Map the Thaw, Save the Bears


©WCS/D.Moore

The ice is melting. Across the Arctic polar cap, sea ice is receding as global temperatures rise, and so the amount of open water grows. Though polar bears—Earth’s largest land predators— historically knew no boundaries, today their habitat is increasingly fragmented by watery roadblocks. No longer able to pad the ice from Russia to Alaska and Canada to Greenland, the bears find themselves stuck on shore for longer periods of the year. And with their principal prey, ringed and bearded seals, out of reach, they face starvation, and sometimes drowning.

In the wake of the U.S. government’s watershed decision to propose listing polar bears as “Threatened” under the Endangered Species Act, the Wildlife Conservation Society (WCS) has launched a bold initiative called “Warm Waters for Cool Bears.” In this new project, WCS landscape ecologists and polar bear researchers from the United States Geological Service will combine current and historical satellite imagery with meteorological data to create a Geographical Information Systems (GIS) map of the changes in sea ice habitat over time. The map will help scientists distinguish short-term, seasonal effects and large-scale climate phenomena from the long-term global warming trends that threaten wildlife. Conservationists will then be able to predict where the ice is likely to remain solid in the near future, and therefore which of the world’s 18 remaining populations of polar bears stand the best chance of survival.
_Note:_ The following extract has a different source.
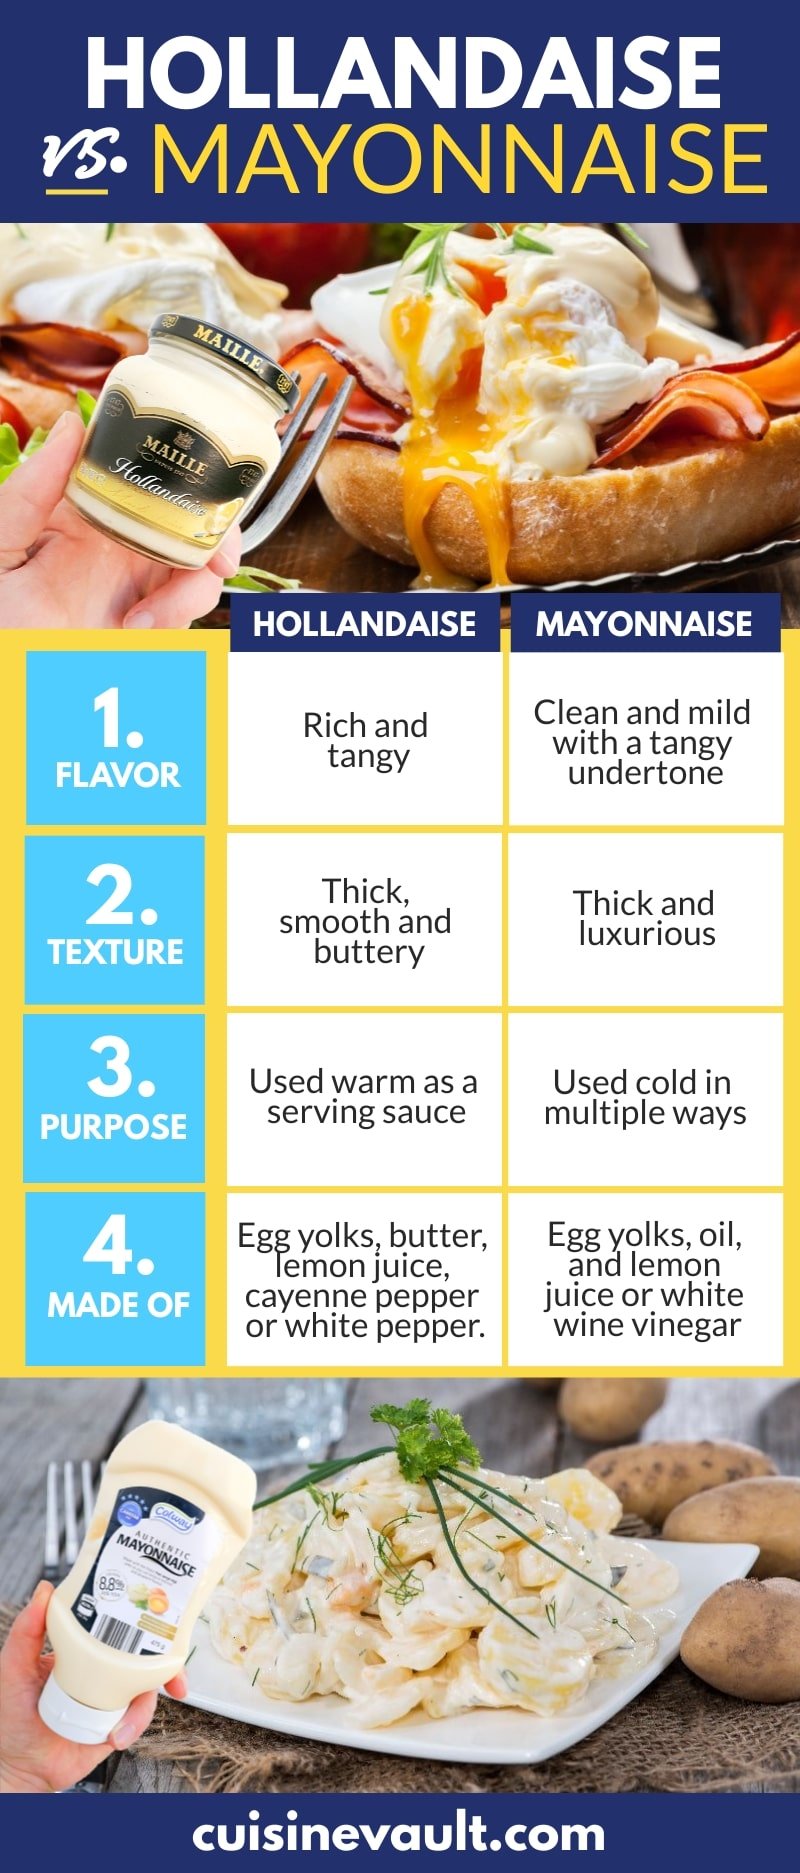 Infographic comparing hollandaise and mayonnaise

“This is the first distribution-wide study on the ecological needs of polar bears in the context of global warming,” said Dr. Gary Tabor, director of the WCS North America Program. “It will inform important management activities such as designating protected areas for polar bears and their prey.”

Warm Waters for Cool Bears, led by WCS landscape ecologist Scott Bergen, is a departure from previous polar bear studies because it focuses on habitat, rather than individual bears. Tracking bears with satellite collars has often come at great cost and risk to the animals and researchers alike. The new project will be funded by a $100,000 grant from the Wendy P. McCaw Foundation.